As to the dischargeability question, the Circuit Court held that the § 523(a)(8) student loan exception to dischargeability did not apply to the bar study loan, and that it was indeed dischargeable.   This is a position that this office has long held, and successfully represented clients with respect to

§ 523(a)(8) says that absent “undue hardship,” the bankruptcy discharge does not apply to: “qualified educational loans” (§ 523(a)(8)(B)), education debts made, insured, or guaranteed by the government (§ 523(a)(8)(A)(i)), and obligations “to repay funds received as an educational benefit, scholarship, or stipend” (§ 523(a)(8)(A)(ii)).

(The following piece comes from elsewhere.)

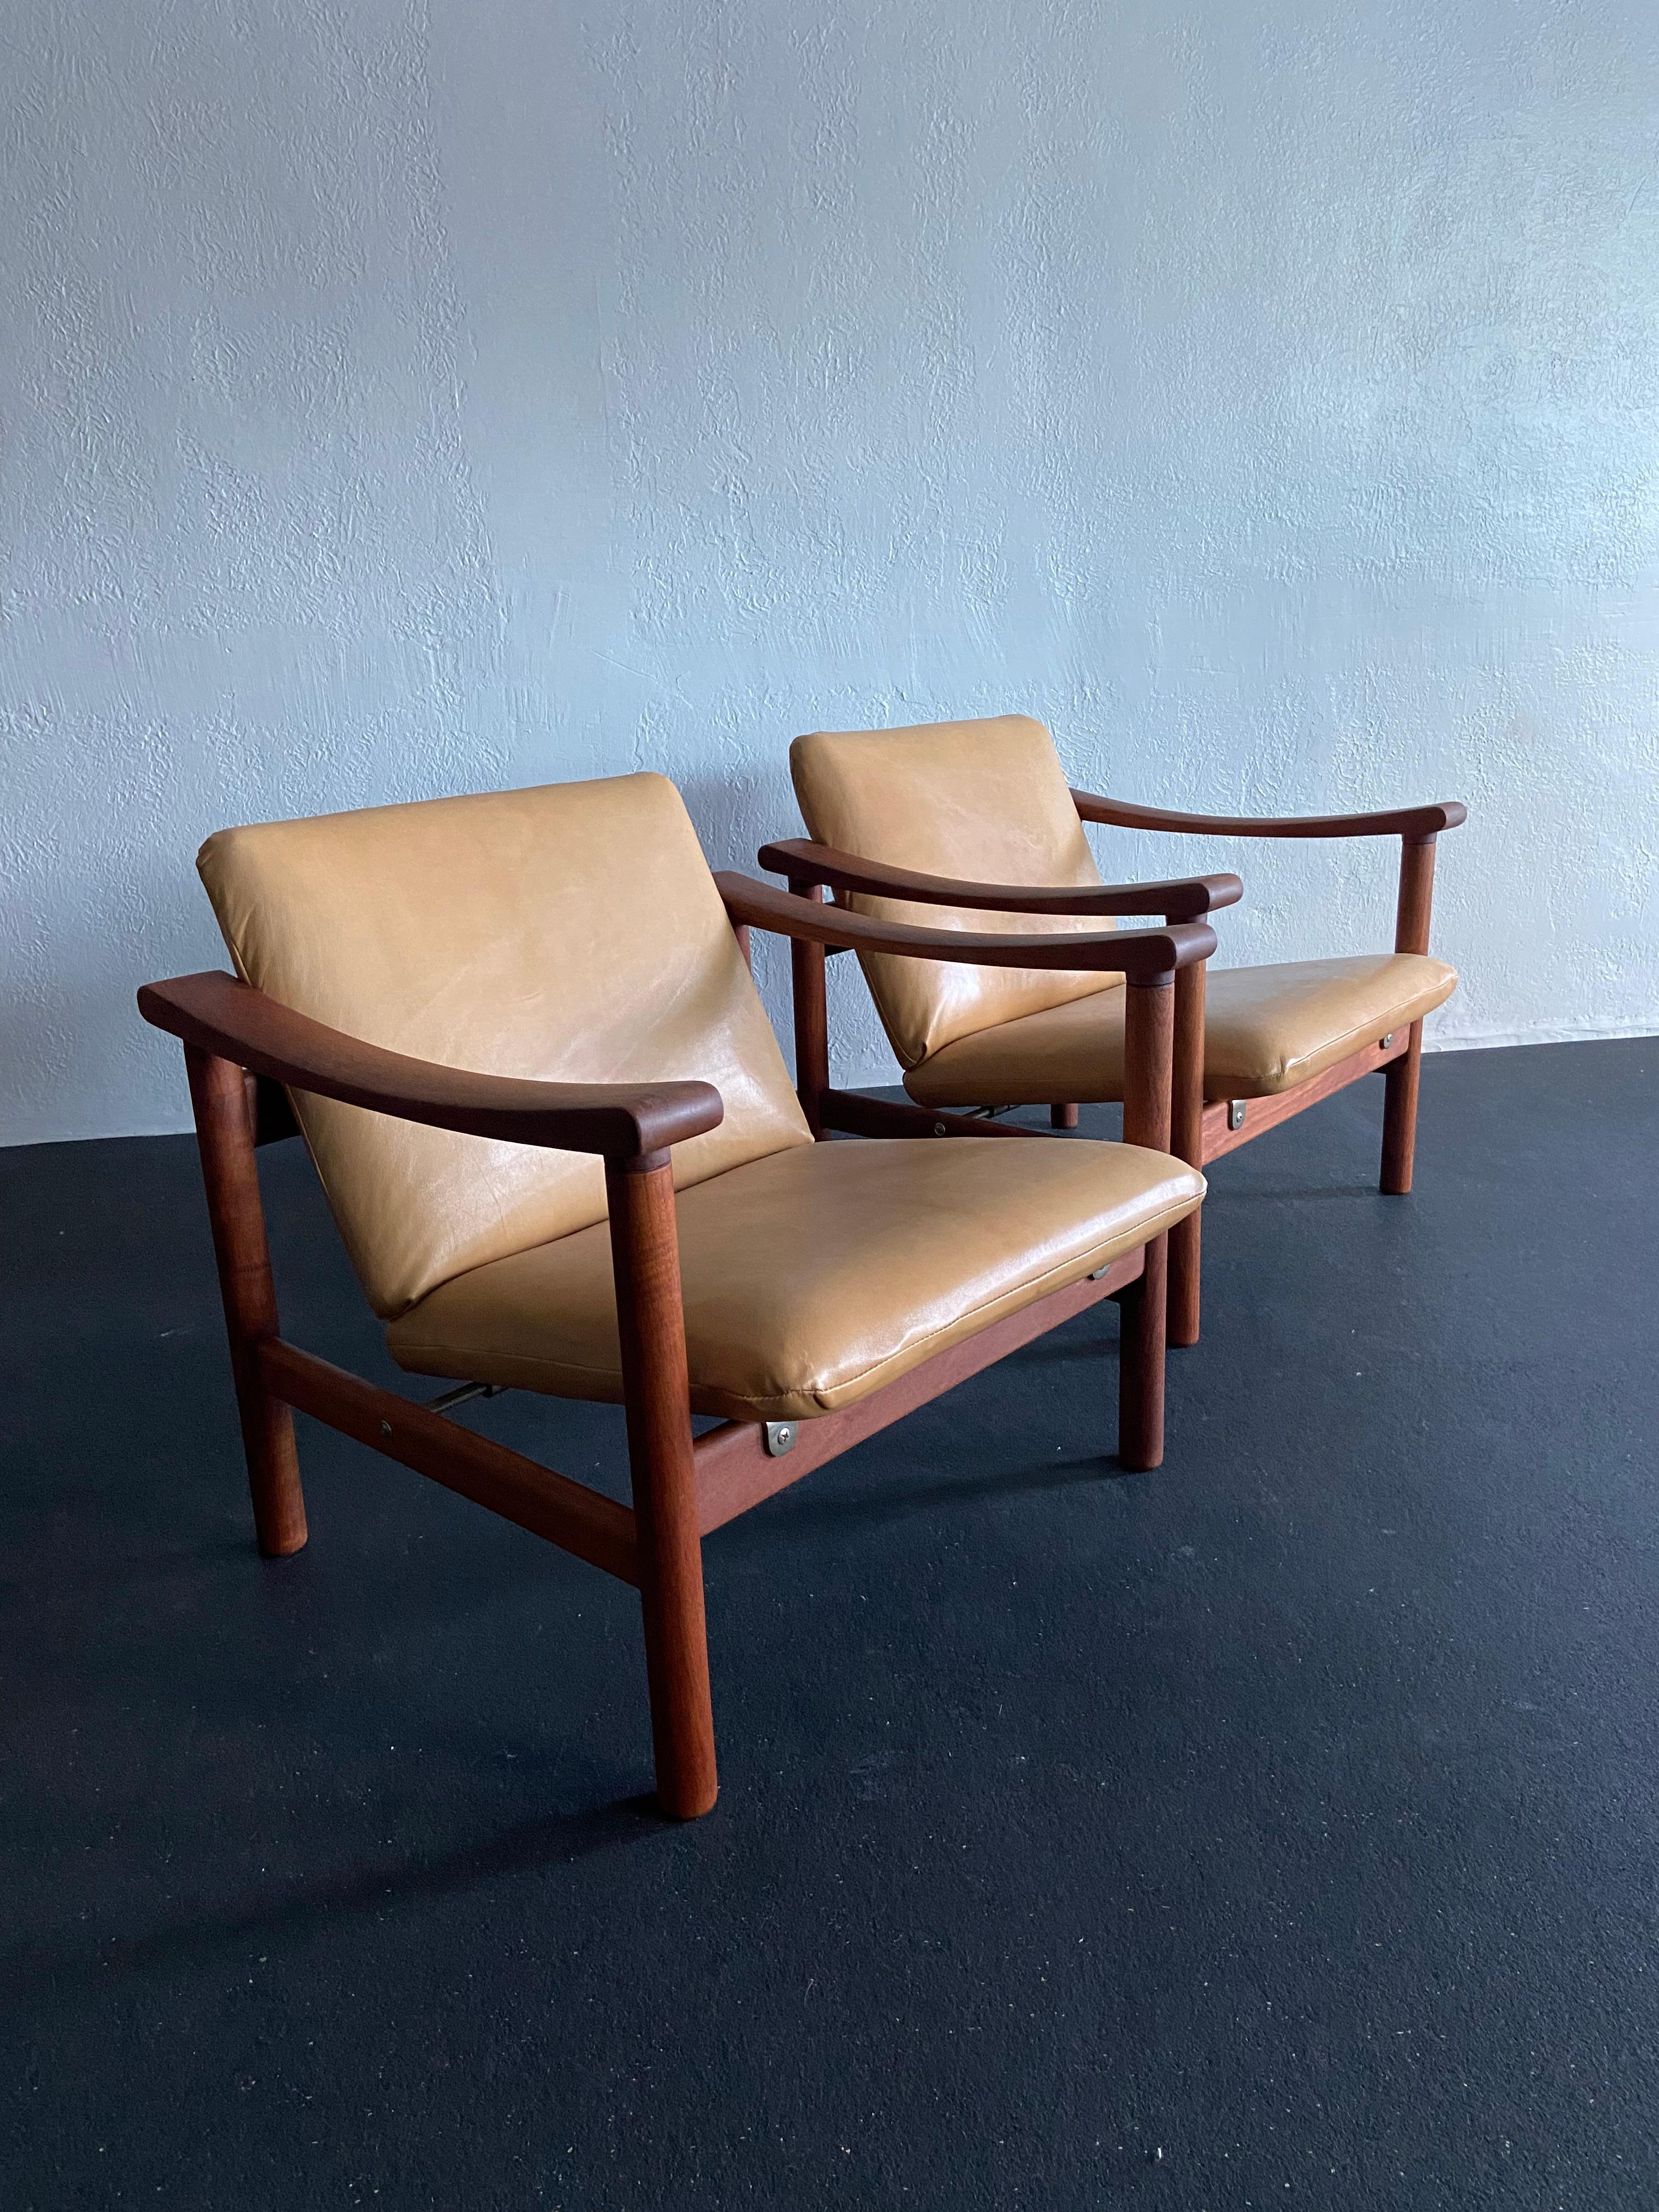 Hans Wegner for Getama Leather Lounge Chairs - a Pair For Sale 2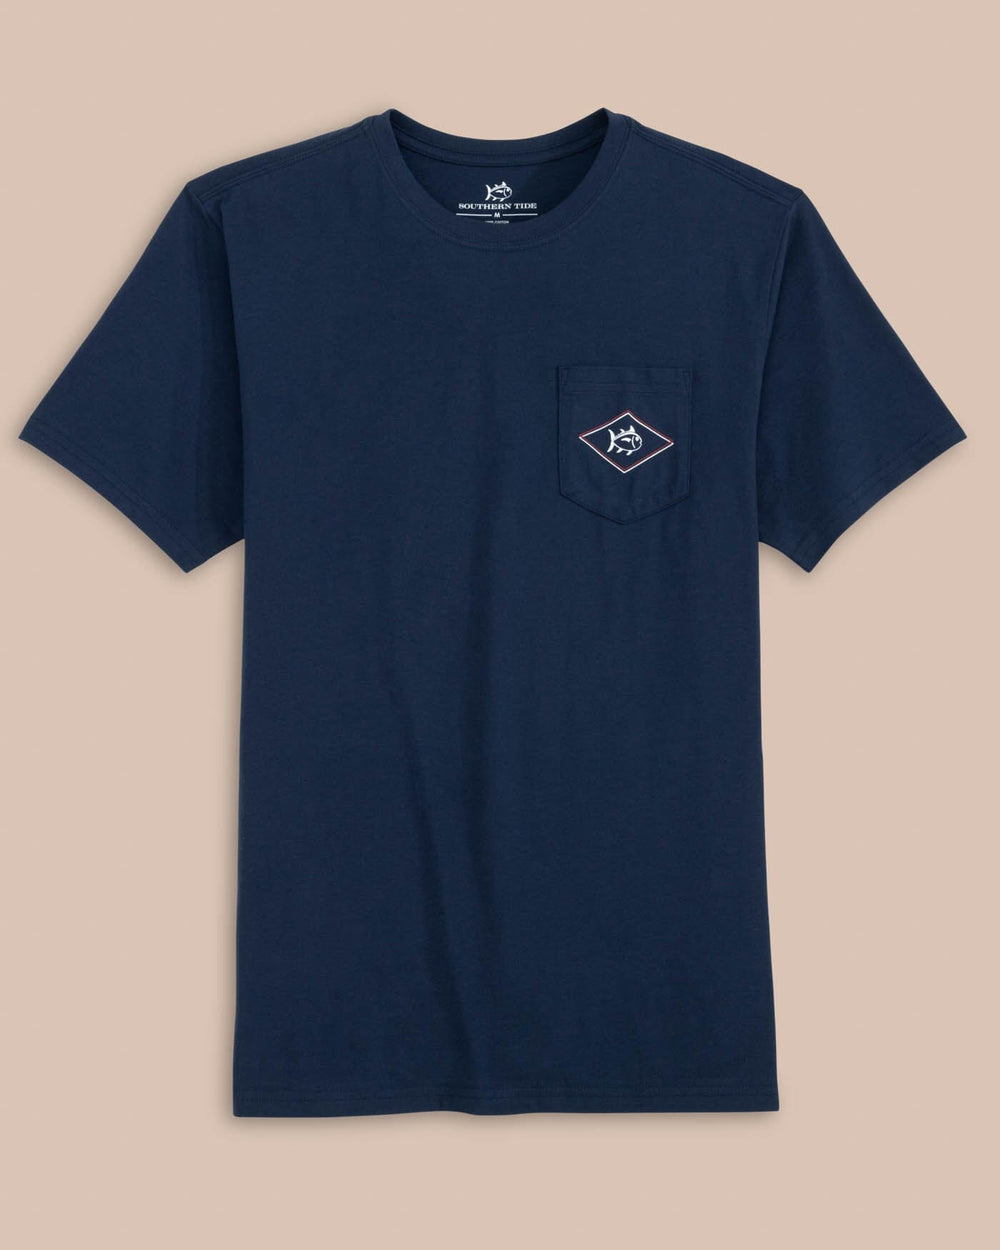 The front view of the Southern Tide Rod and Reel Flag Short Sleeve T-Shirt by Southern Tide - Navy

With respect to bar study loans, such borrowers have already graduated from law school at the time of borrowing, and bar prep classes are not Title IV institutions, so such loans can’t be qualified educational loans under § 523(a)(8)(B).  Moreover, since bar prep schools are not qualified to participate in Title IV programs, therefore all such loans are private (i.e. not governmental).  That takes care of § 523(a)(8)(A)(i).  Nor are the funds received as a scholarship or stipend.  So that leaves you, as will all bar study loan cases, with the definition of “educational benefit.”

After looking at the legislative history and doing linguistic analysis, the Court concluded: “[E]ducational benefit” is limited to conditional payments with similarities to scholarships and stipends. The loans at issue here, though obtained in order to pay expenses of education, do not qualify as “an obligation to repay funds received as an educational benefit, scholarship, or stipend” because their repayment was unconditional.”

This is a good decision that does not fall into the trap that has snared other courts of confusing an “educational benefit” with “the benefit of an education.”  Debtor’s lawyers should take note.